Cardiovascular system: structure and functions of the human “motor”


The closed circulatory system performs many functions in the body

The heart is often called the human motor: this muscular organ begins beating in the embryo at the initial stage of intrauterine development and stops at the moment of death. Its anatomical structure is quite complex, and the functions performed are varied and have the main goal of maintaining a constant internal environment.

In our review and video in this article, we will try to understand how the cardiovascular system works: the structure and functions of this complex of organs, as well as common lesion syndromes and methods of functional assessment of its activity.

Circulation circles

The blood flowing through the cardiovascular system can be compared to an athlete running different distances. When it passes through the pulmonary circulation, it is a sprint. And a big circle is already a marathon. The Englishman William Harvey described these circles back in 1628. During a large circle, blood is distributed throughout the body, not forgetting to provide it with oxygen and take away carbon dioxide. During this “race”, arterial blood becomes venous.

The pulmonary circulation is responsible for the flow of blood into the lungs, where the blood releases carbon dioxide and is enriched with oxygen. Blood from the pulmonary circulation returns to the left atrium. The systemic circulation, starting in the left ventricle, transports blood throughout the body. Oxygenated blood is pumped by the left ventricle into the aorta and its many branches - the various arteries. Then it enters the capillary vessels of organs and tissues, where oxygen from the blood is exchanged for carbon dioxide. The systemic circulation ends in small veins that merge into two large veins (vena cava) and return blood to the right atrium. The superior vena cava drains blood from the head, neck and upper extremities, and the inferior vena cava drains blood from the torso and lower extremities.

A little about physiology: how the cardiovascular system “works”

As we have seen from the anatomical review, the structure and functions of the cardiovascular system are quite complex.

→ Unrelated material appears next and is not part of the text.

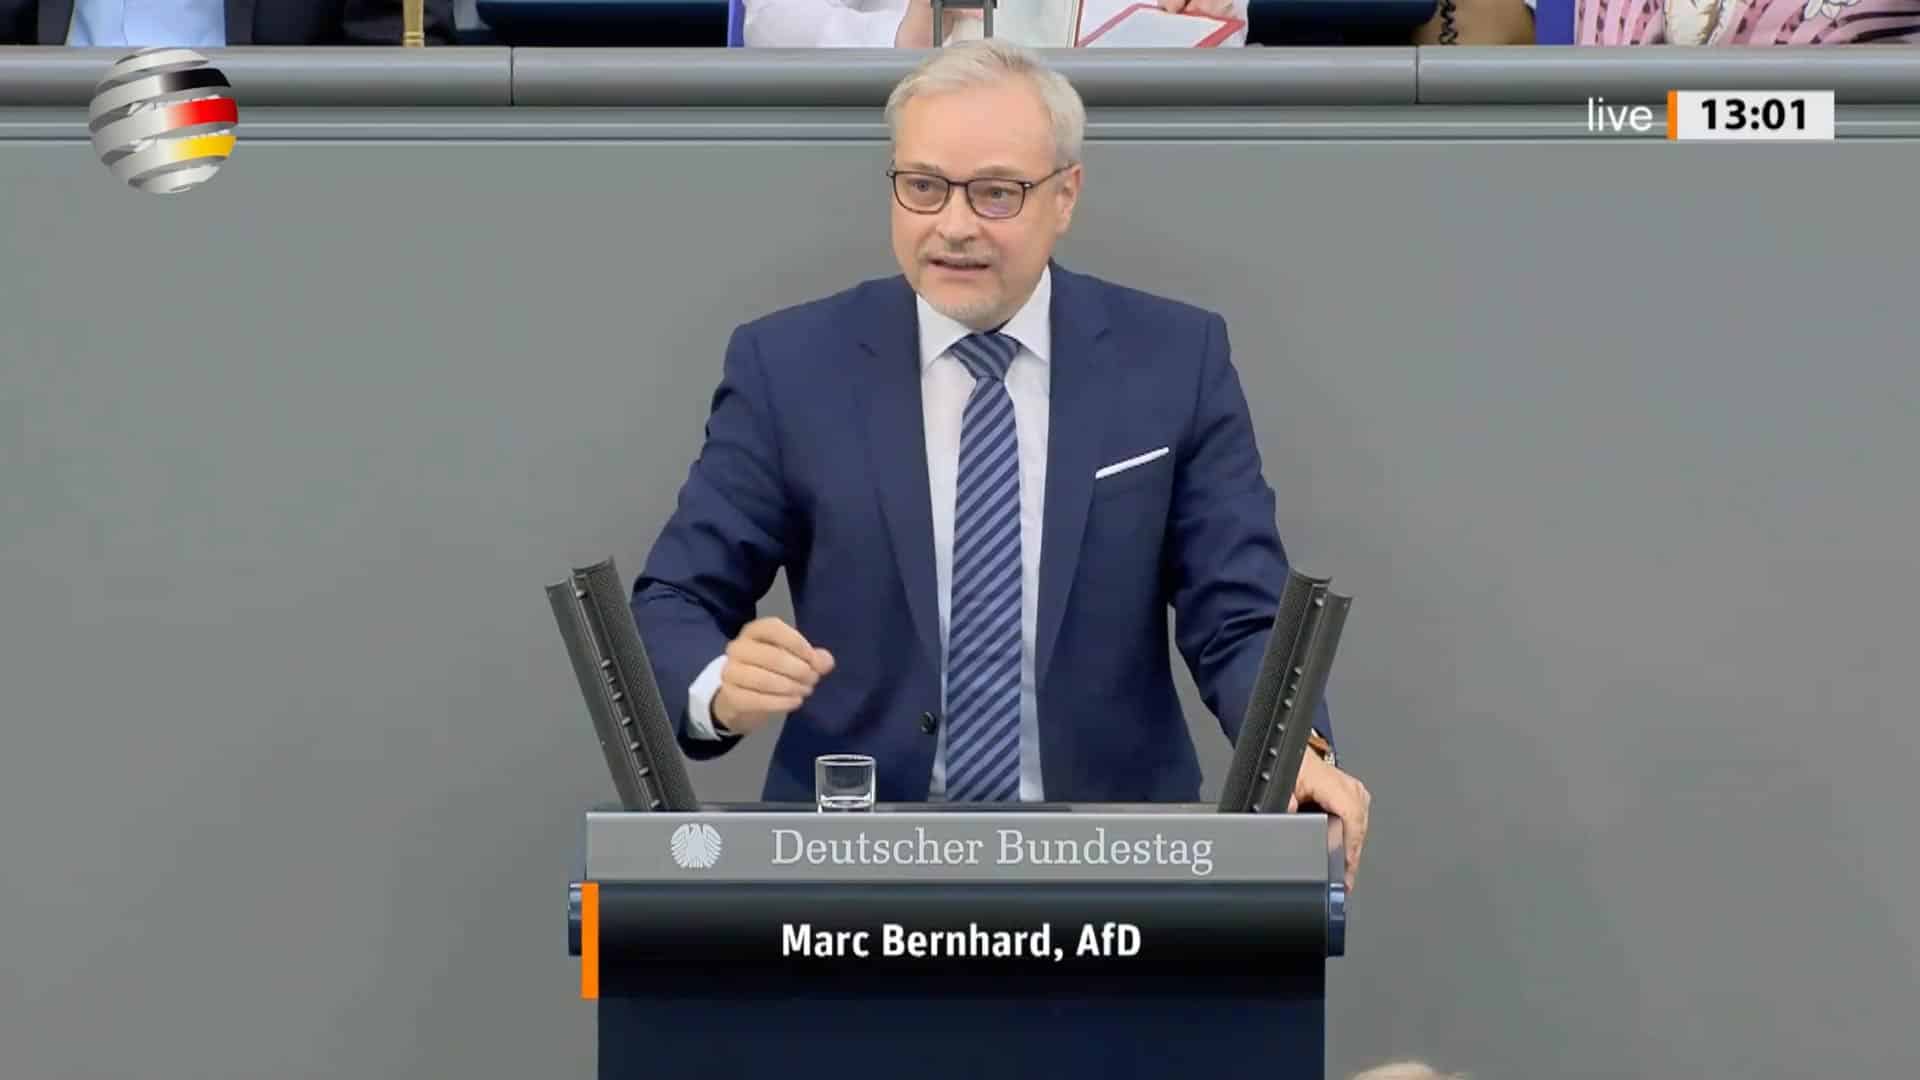 marc-bernhard-(afd):-„heizungsgesetz-ist-ein-leitfaden-zur-zerstoerung-unseres-wohlstands!
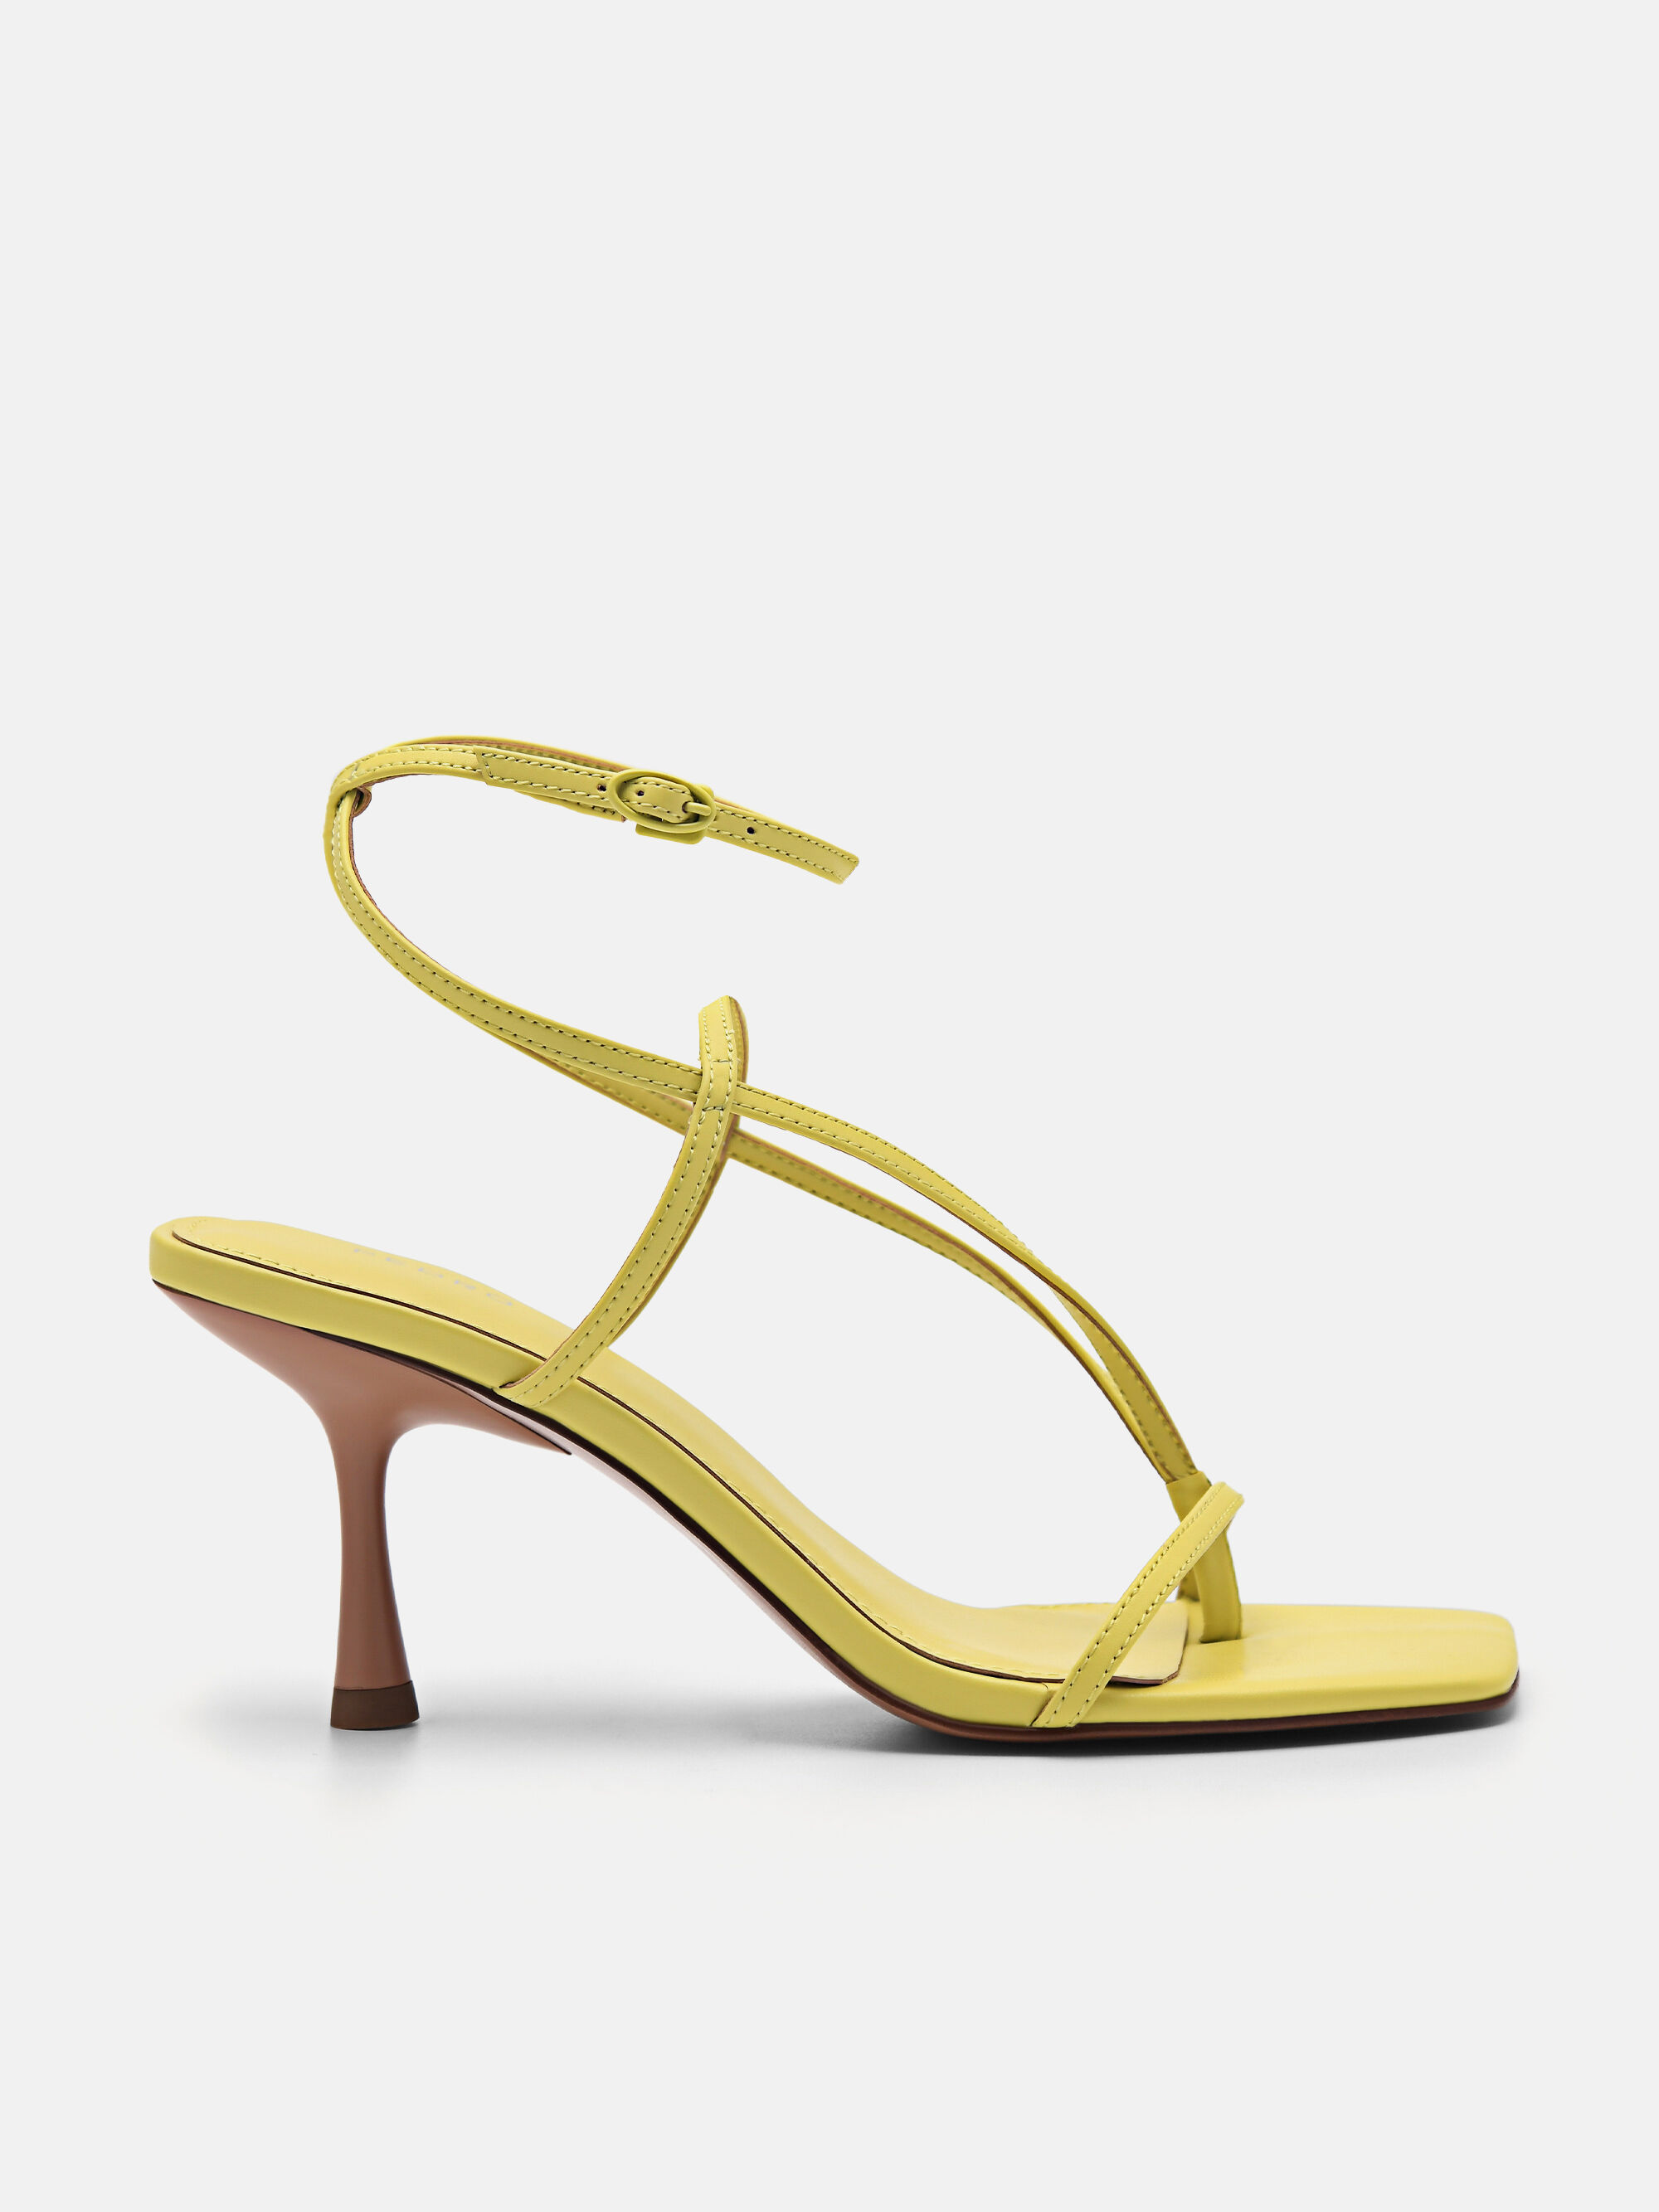 Simmi London black toe post heeled sandals | ASOS | Heel sandals outfit,  Heels, Sandals heels

Clear and coordinated operation of all its components allows us to ensure:

  • transport of oxygen and substances necessary for the normal functioning of body cells;
  • removal of metabolites from cells - processed substances and carbon dioxide;
  • humoral (endocrine) connection between organs;
  • adequate immune response in response to the introduction of infectious agents into the body;
  • removal of toxins and harmful substances from the body;
  • heat exchange.

Arteries

Not a single cell can survive without nutrients and oxygen. They are delivered by arteries. They carry oxygen-rich blood throughout the body. When you breathe, oxygen enters your lungs. where the delivery of oxygen throughout the body begins. First to the heart, then through the systemic circulation to all parts of the body. There, the blood exchanges oxygen for carbon dioxide and then returns to the heart. The heart pumps it back to the lungs, which take in carbon dioxide and give out oxygen, and so on endlessly. There are also pulmonary arteries of the pulmonary circulation, they are located in the lungs and through them blood, poor in oxygen and rich in carbon dioxide, enters the lungs, where gas exchange occurs. This blood then returns to the heart through the pulmonary veins.

Is my cardiovascular system healthy?

Are your heart and blood vessels healthy? To answer this question, the absence of complaints is not enough. It is important to regularly undergo a medical examination, during which the doctor will determine the main functional indicators of the cardiovascular system.

These include:

  • Heart rate;
  • arterial pressure;
  • electrocardiogram;
  • stroke volume of cardiac output;
  • cardiac output;
  • speed and other indicators of blood flow;
  • breathing patterns during physical activity.

Heart rate

Determining the functional state of the cardiovascular system begins with calculating heart rate. The normal heart rate for adults is 60-80 beats per minute. A decrease in heart rate is called bradycardia, an increase is called tachycardia.

Note! In trained people, heart rate may be slightly lower than standard values ​​- at the level of 50-60 beats/min. This is explained by the fact that the endurance heart of athletes “drives” a larger amount of blood in an equal period of time.


Heart rate norms change with age

Functional disorders of the cardiovascular system associated with changes in heart rate have various causes.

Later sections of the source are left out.